Set the ARM compute library and architecture.

dlcfg = coder.DeepLearningConfig('arm-compute');
cfg.DeepLearningConfig = dlcfg ;
cfg.DeepLearningConfig.ArmArchitecture = 'armv7';
cfg.DeepLearningConfig.ArmComputeVersion = '20.02.1';

Set up the connection with your target hardware.

if (~exist('r','var'))
  r = raspi('raspiname','pi','password');
end
hw = coder.hardware('Raspberry Pi');
cfg.Hardware = hw;

Set the build directory and target language.

buildDir = '~/remoteBuildDir';
cfg.Hardware.BuildDir = buildDir;
cfg.TargetLang = 'C++';

Enable profiling and generate the PIL code. A MEX file named recognizeAirCompressorFault_pil is generated in your current folder.

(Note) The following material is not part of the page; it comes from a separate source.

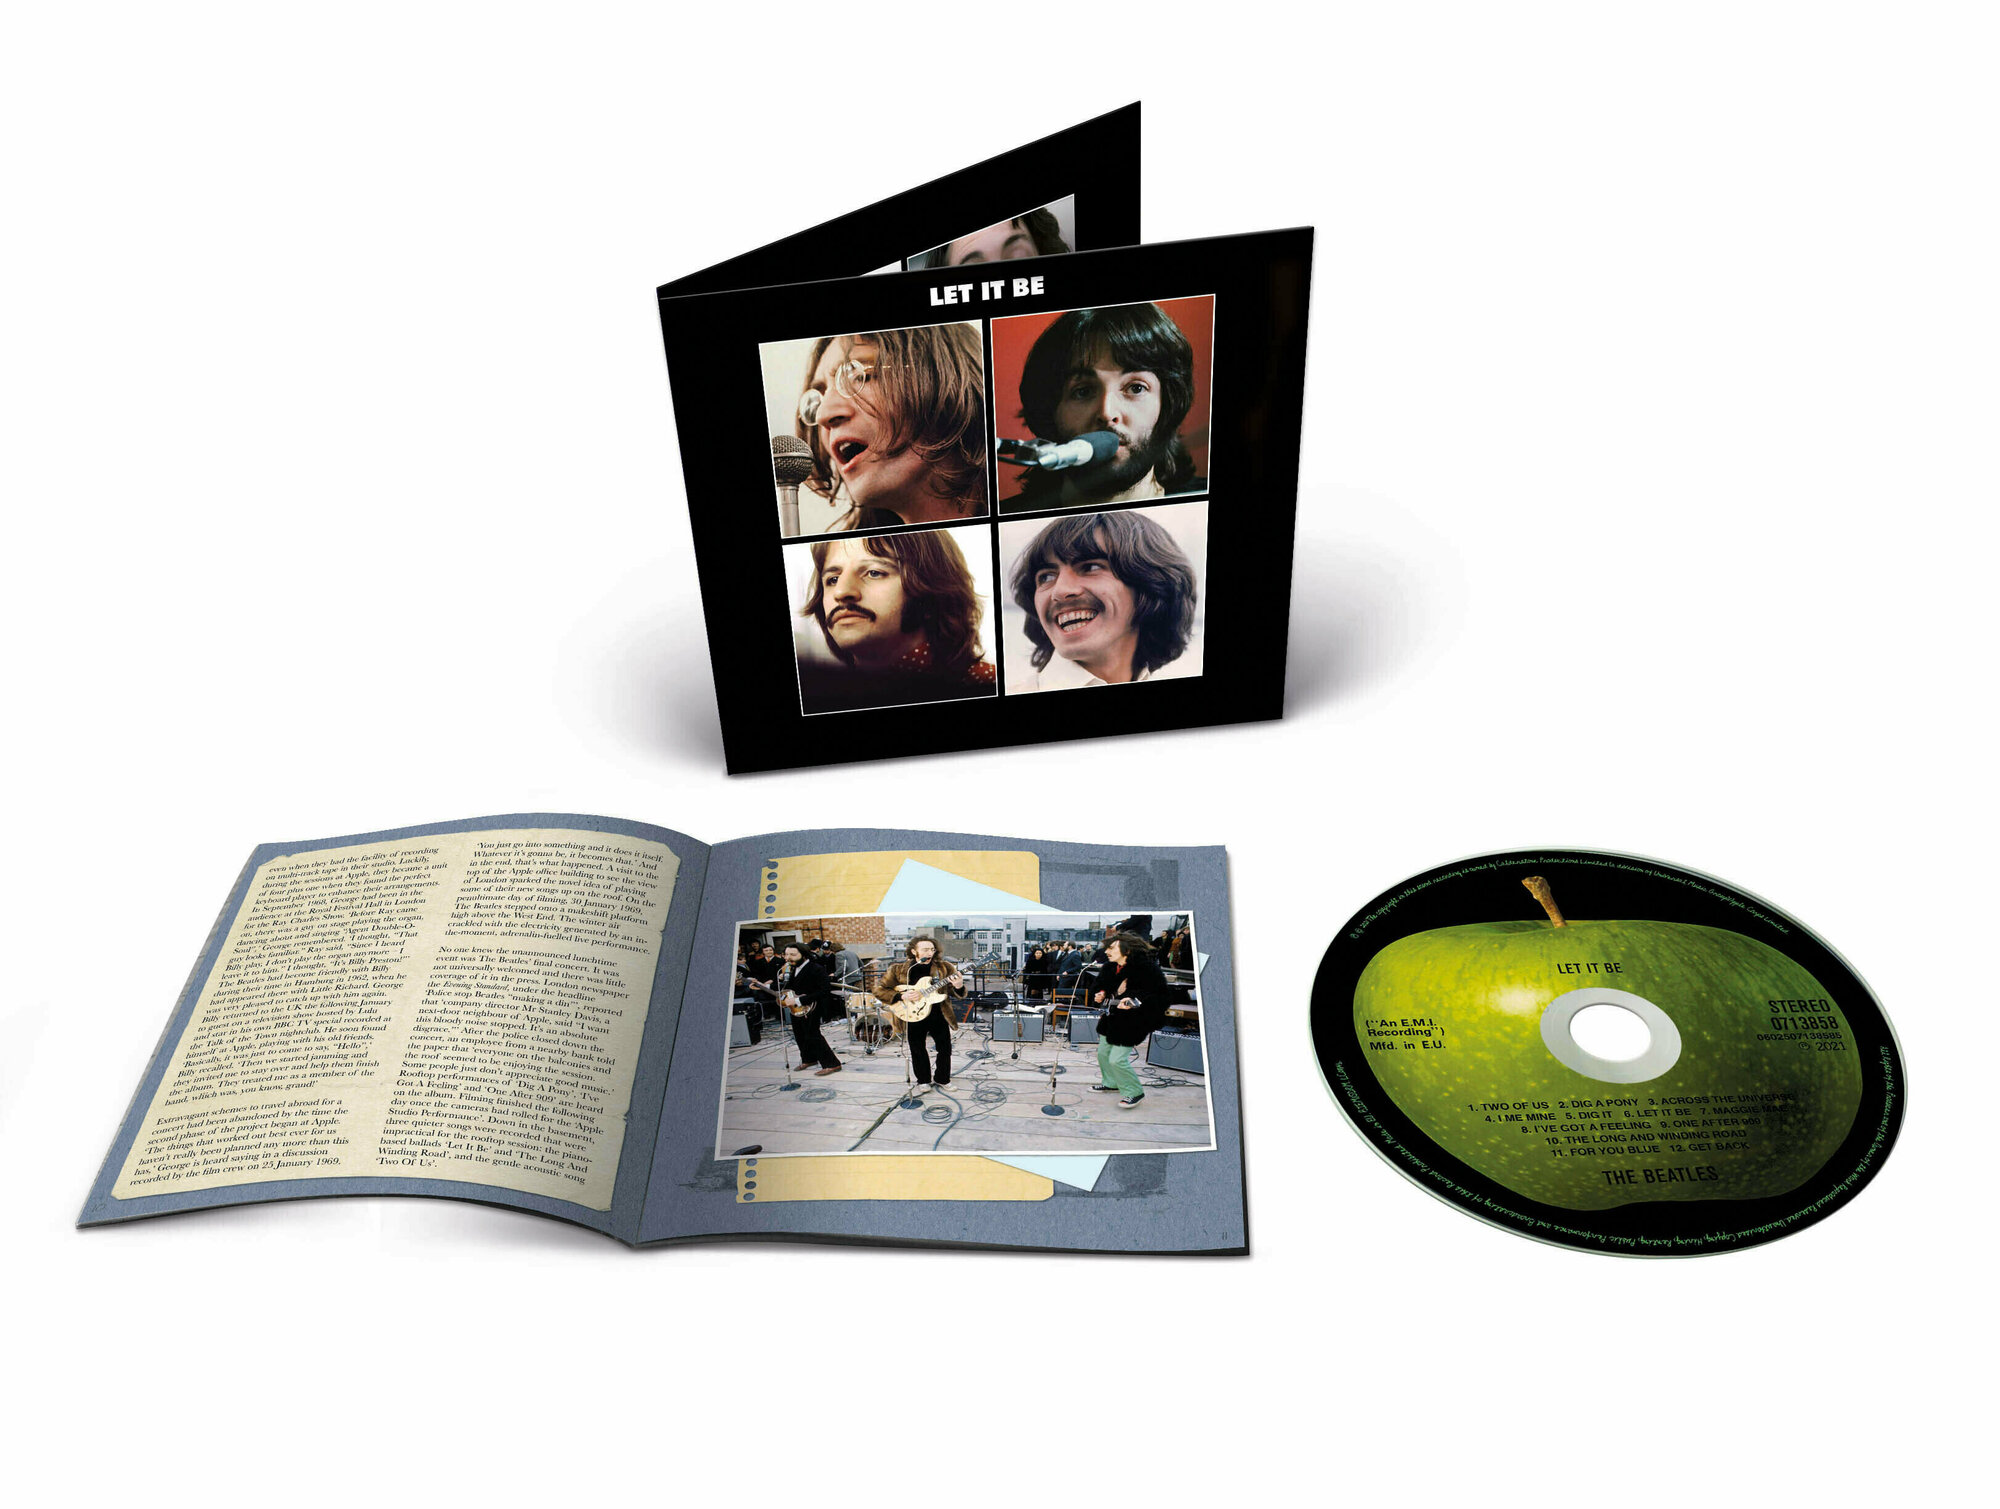 AUDIO CD The Beatles - Let It Be (Special Edition) 1 CD

cfg.CodeExecutionProfiling = true;
audioFrame = ones(windowLength,1);
resetNetworkStateFlag = true;
codegen -config cfg recognizeAirCompressorFault -args {audioFrame,resetNetworkStateFlag}
 Deploying code. This may take a few minutes. 
### Connectivity configuration for function 'recognizeAirCompressorFault': 'Raspberry Pi'
Location of the generated elf : /home/pi/remoteBuildDir/MATLAB_ws/R2021b/S/MATLAB/Examples/ExampleManager/sporwal.Bdoc21b.j1720794/deeplearning_shared-ex44063374/codegen/lib/recognizeAirCompressorFault/pil
Code generation successful.

Call the generated PIL function 50 times to get the average execution time.

totalCalls = 50;

for k = 1:totalCalls
    x = pinknoise(windowLength,1);
    score = recognizeAirCompressorFault_pil(x,resetNetworkStateFlag);
    resetNetworkStateFlag = false;
end
### Starting application: 'codegen\lib\recognizeAirCompressorFault\pil\recognizeAirCompressorFault.elf'
    To terminate execution: clear recognizeAirCompressorFault_pil
### Launching application recognizeAirCompressorFault.elf...
    Execution profiling data is available for viewing. Open Simulation Data Inspector.
    Execution profiling report available after termination.

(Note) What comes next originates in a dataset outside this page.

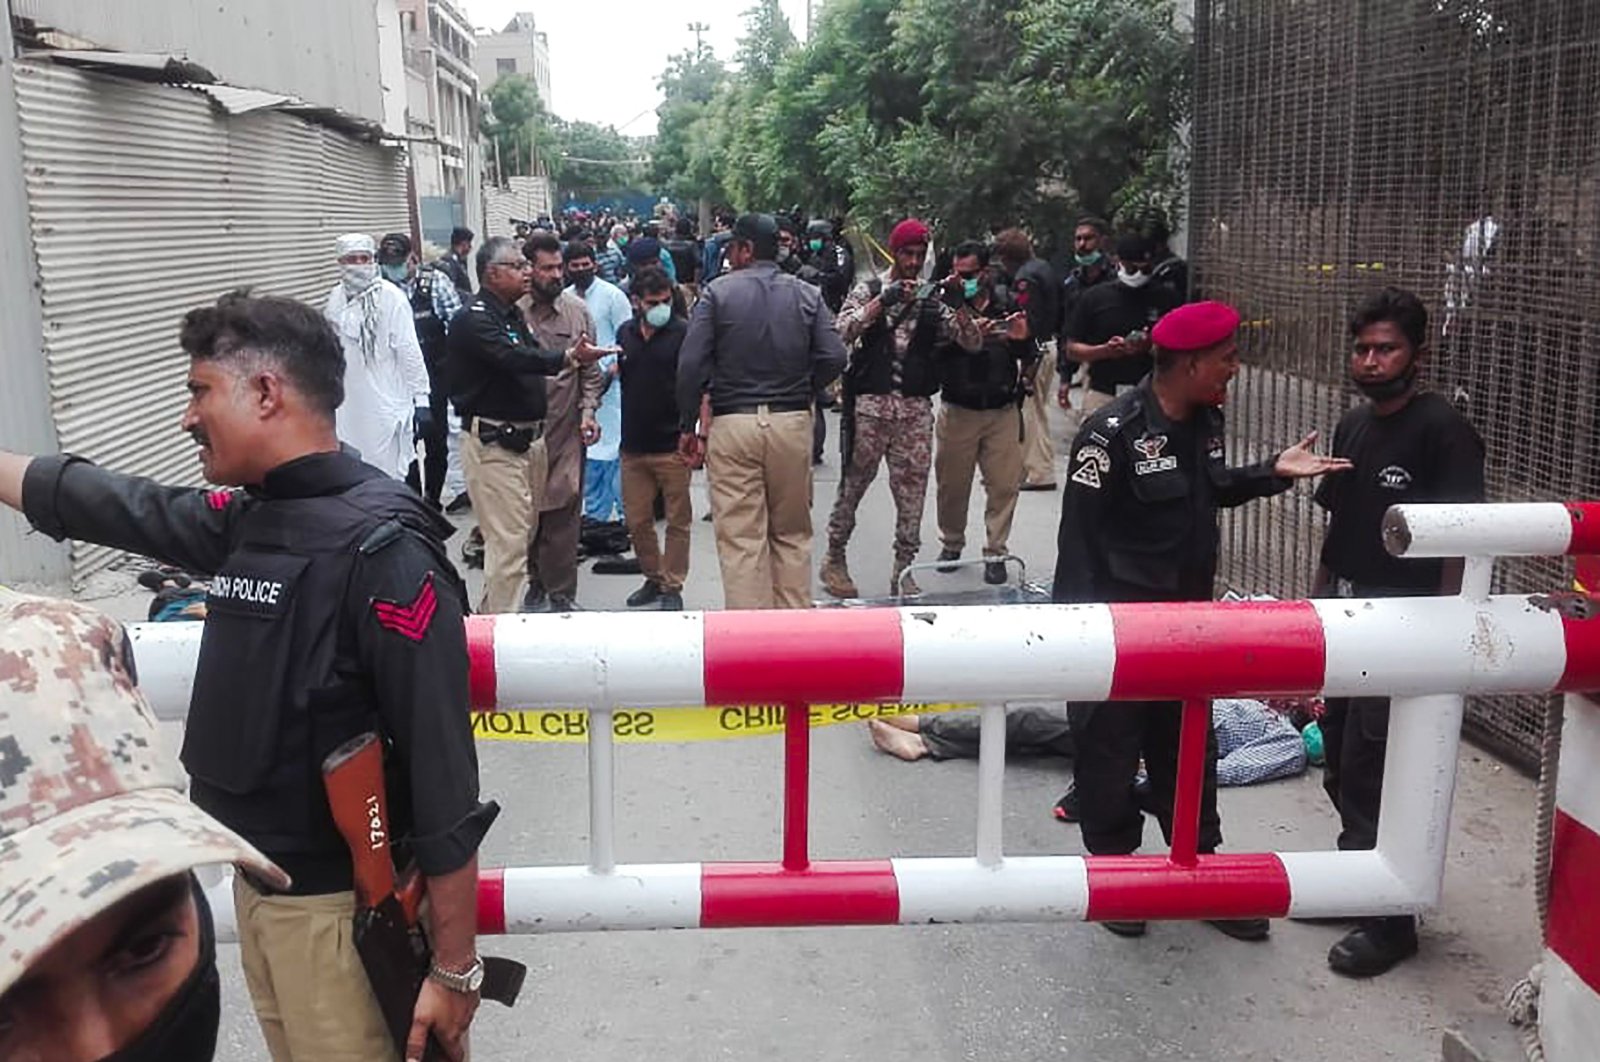 Police secure an area around a body outside the Pakistan Stock Exchange building after a group of gunmen attacked the building in Karachi, Pakistan, June 29, 2020. (AFP Photo)

Terminate the PIL execution.

clear recognizeAirCompressorFault_pil
### Host application produced the following standard output (stdout) and standard error (stderr) messages:

### Connectivity configuration for function 'recognizeAirCompressorFault': 'Raspberry Pi'
    Execution profiling report: report(getCoderExecutionProfile('recognizeAirCompressorFault'))

Generate an execution profile report to evaluate execution time.

executionProfile = getCoderExecutionProfile('recognizeAirCompressorFault');
report(executionProfile, ...
       'Units','Seconds', ...
       'ScaleFactor','1e-03', ...
       'NumericFormat','%0.4f');

The average execution time of recognizeAirCompressorFault_pil function is 0.423 ms, which is well below the 32 ms budget for real-time performance. The first call of recognizeAirCompressorFault_pil consumes around 12 times of the average execution time as it includes loading of network and resetting of the states. However, in a real, deployed system, that initialization time is incurred only once. This example ends here. For deploying machine fault recognition on desktops, see Acoustics-Based Machine Fault Recognition Code Generation with Intel MKL-DNN (Audio Toolbox).

References

[1] Verma, Nishchal K., et al. "Intelligent Condition Based Monitoring Using Acoustic Signals for Air Compressors." IEEE Transactions on Reliability, vol. 65, no. 1, Mar. 2016, pp. 291–309. DOI.org (Crossref), doi:10.1109/TR.2015.2459684.